One industry expert says Nebraska farmers and ranchers who are hoping to see a new Farm Bill come out of Congress this year will likely be disappointed.
Barry Flinchbaugh, an ag economist at Kansas State University, says with the elections in November, he doesn’t expect a lot of work to be done on the Farm Bill until next year.
“I don’t see how we can possibly pass the Farm Bill before the election,” Flinchbaugh says. “Now, they’re all going to say they’re going to do it but it takes forever for them to deliver and they’re going to be busy back home campaigning.”
He says it’s possible a Farm Bill will materialize during the “lame duck” session between the November election and Christmas, but he’s betting it won’t appear until April of 2013. Flinchbaugh says most of the agricultural industry experienced a good year in 2011.
“It’s the best on record in terms of net farm income,” he says. “Now, we got that kind of net farm income with the drought in Texas and Oklahoma, so if we wouldn’t have had that extensive drought in the southwest, it would’ve been even more money.”
He says ag income will likely increase this year, following the approval of the trade agreements last fall that had been pending for a long time.

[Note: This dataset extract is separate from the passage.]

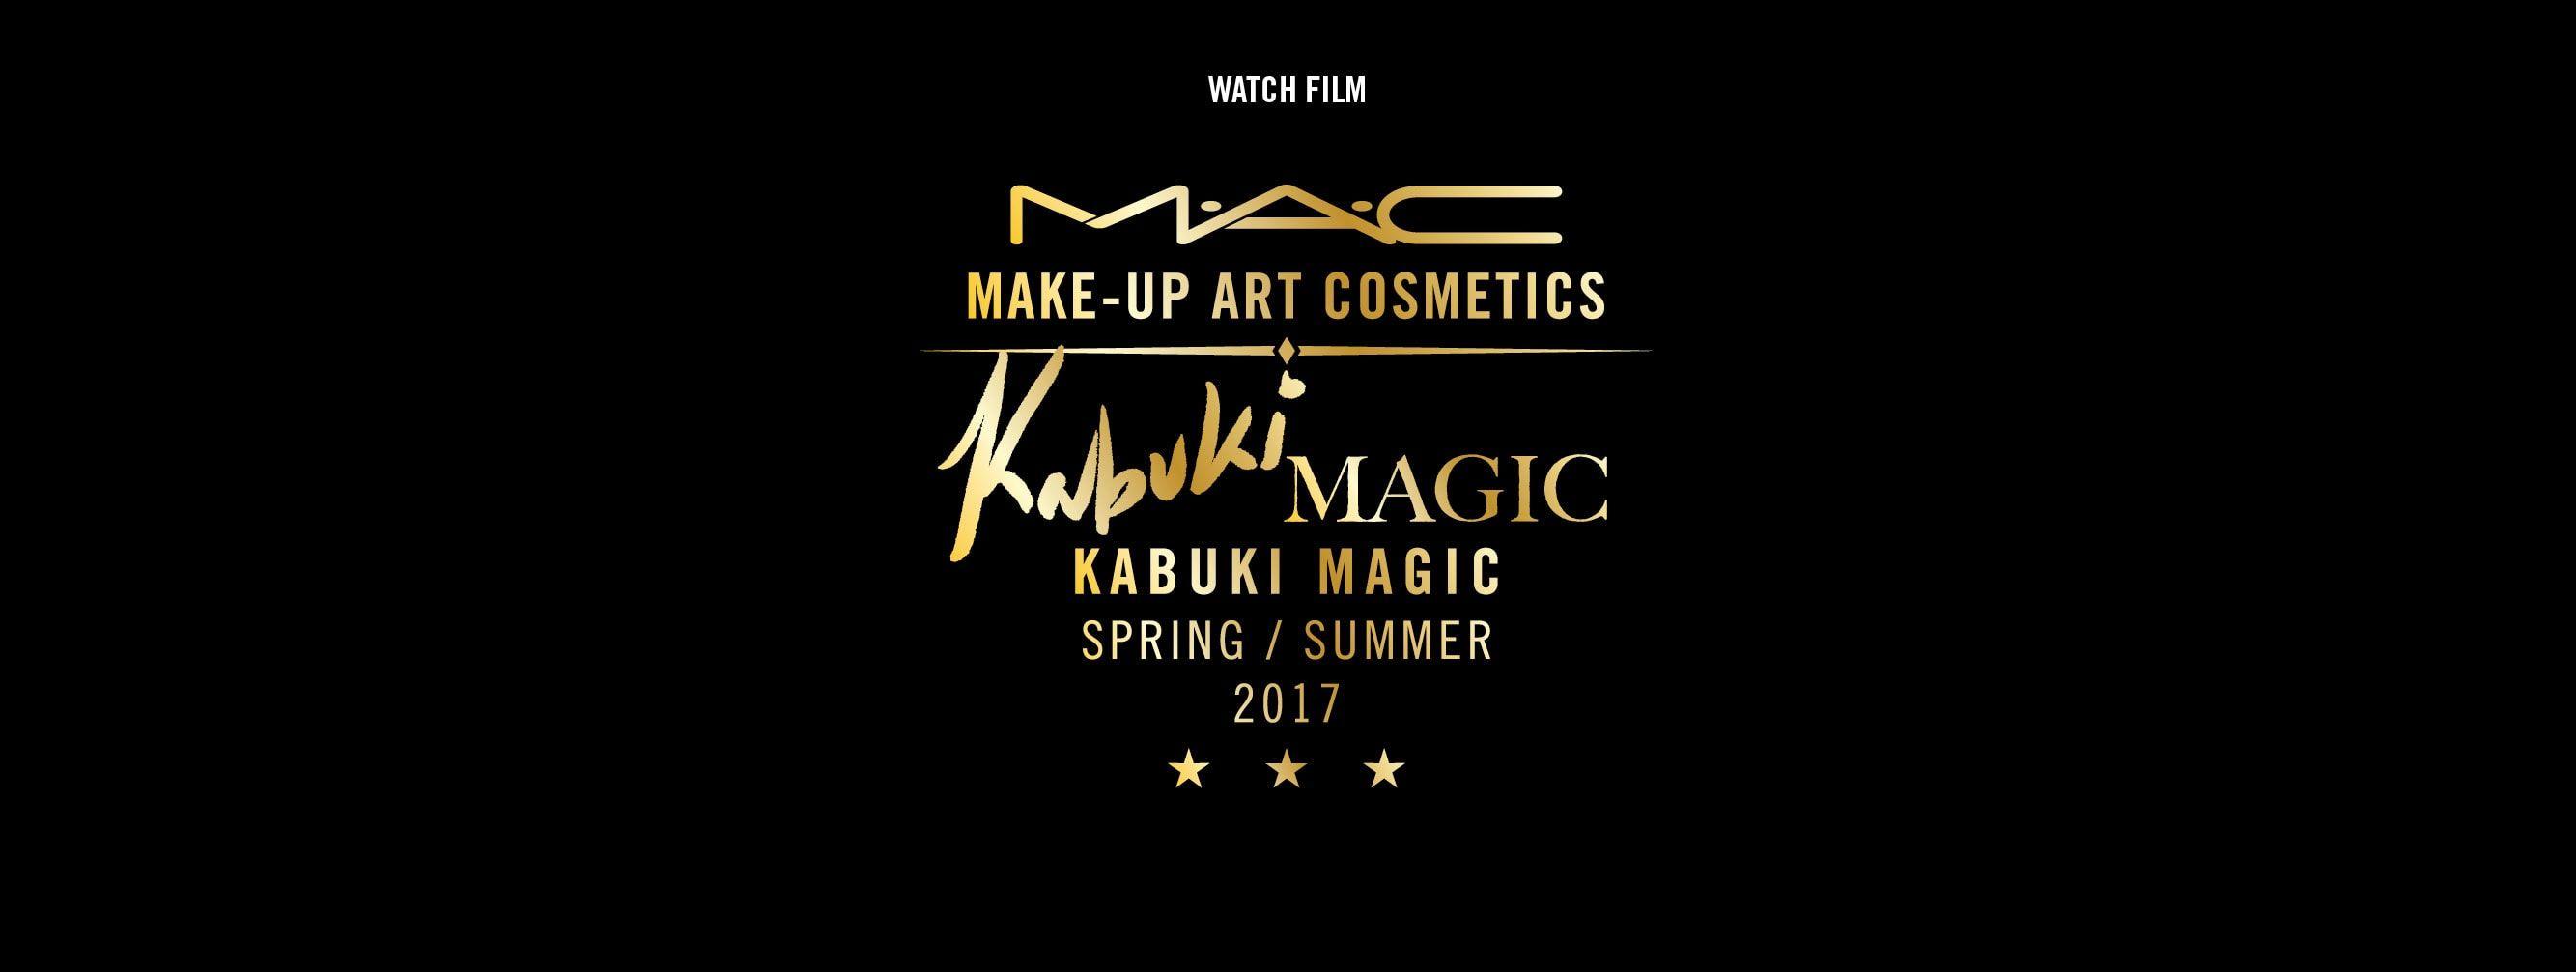 Make Up Art Cosmetics Logo - Make Up Art Cosmetics Collection Page

“That took forever and it’s especially important for animal agriculture,” Flinchbaugh says. “South Korea’s a great beef customer. Columbia is our biggest supporter in South America. It’ll add a couple billion to net farm income.”
In the year ahead, he sees the biggest challenges to producers in Nebraska as being rising input costs — seed, fertilizer and fuel — and, of course, the weather.